Combining a new hybrid nominal mass platform and intelligent data acquisition to enable highly multiplexed targeted proteomics

Importance of the Topic

Targeted proteomics plays a pivotal role in clinical research, biomarker validation and quality control. Achieving high sensitivity, specificity and throughput in peptide quantitation is essential for translating discovery data into robust assays. The integration of advanced mass spectrometry platforms with intelligent data acquisition strategies addresses challenges in assay development and performance.
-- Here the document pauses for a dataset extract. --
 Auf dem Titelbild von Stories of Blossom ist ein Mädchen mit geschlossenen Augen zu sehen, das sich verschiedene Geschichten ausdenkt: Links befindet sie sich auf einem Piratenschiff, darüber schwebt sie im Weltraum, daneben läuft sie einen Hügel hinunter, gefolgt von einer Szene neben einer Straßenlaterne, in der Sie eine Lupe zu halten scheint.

Objectives and Study Overview

This study evaluates the Thermo Scientific Stellar MS—a hybrid quadrupole and linear ion trap system—for high‐multiplexed, targeted proteomics. Key goals include comparing its quantitative performance against a triple quadrupole instrument, building large‐scale assays using the PQ500 reference peptide kit in plasma and E. coli digests in HeLa matrix, and assessing the benefits of the Adaptive RT alignment algorithm.

Methodology and Instrumentation

The workflow leverages PRM Conductor within Skyline to automate precursor selection and method creation. Real‐time chromatogram alignment (Adaptive RT) narrows scheduling windows down to 0.35–0.6 min, enhancing throughput. Discovery data for E. coli and HeLa mixtures were acquired by gas‐phase‐fractionation DIA on Stellar MS. Absolute quantitation used heavy peptide standards and Prosit‐predicted spectral libraries. LC separations employed a Vanquish Neo UHPLC system with gradients from 30 min at 0.45 µL/min up to 100 SPD at 1.8 µL/min.

Used Instrumentation

• Thermo Scientific Stellar MS (hybrid Q‐LIT) for PRM and DIA
• Thermo Scientific TSQ Altis Plus triple quadrupole for comparison
• Vanquish Neo UHPLC for nano-flow separation
• Skyline with PRM Conductor and Prosit integration

Main Results and Discussion

Stellar MS delivered over 10× lower limits of quantitation (LOQ) and approximately 2× lower limits of detection (LOD) compared to the triple quadrupole. Parallel accumulation in PRM provided extended ion injection times, boosting sensitivity. High multiplex assays (804 light/heavy peptides) yielded more than six data points per peak and coefficients of variation below 20%. Throughput scaled from 60 to 100 sample processing days (SPD) with only modest performance loss.

Benefits and Practical Applications

• Dramatic sensitivity gains enable detection of low‐abundance biomarkers.
• Automated method creation reduces assay development time.
• Adaptive RT ensures robust scheduling across variable chromatographic conditions.
• DIA-based discovery seamlessly feeds targeted assay design.

Future Trends and Applications

Emerging trends include deeper multiplexing via advanced parallel accumulation strategies, integration of machine learning for retention time and spectrum prediction, and expansion into clinical diagnostic workflows. Real‐time alignment and retrospective transition selection are expected to further streamline large‐scale proteomic studies.

Conclusion

The Thermo Scientific Stellar MS, combined with PRM Conductor and Adaptive RT, overcomes traditional barriers in targeted proteomics. It offers superior sensitivity, high reproducibility and rapid assay development, facilitating translation of discovery research into quantitative assays.

References

1. Serrano et al. Molecular & Cellular Proteomics, 2024, 23(5), 100760.
2. PRM Conductor Walkthrough. panoramaweb.org/prm_conductor.url.
3. Remes et al. Analytical Chemistry, 2020, 92(17), 11809.
4. Pinot et al. Journal of Proteome Research, 2020, 19(3), 1147.
5. Remes et al. BioRxiv preprint, 2024. DOI:10.1101/2024.05.31.596848.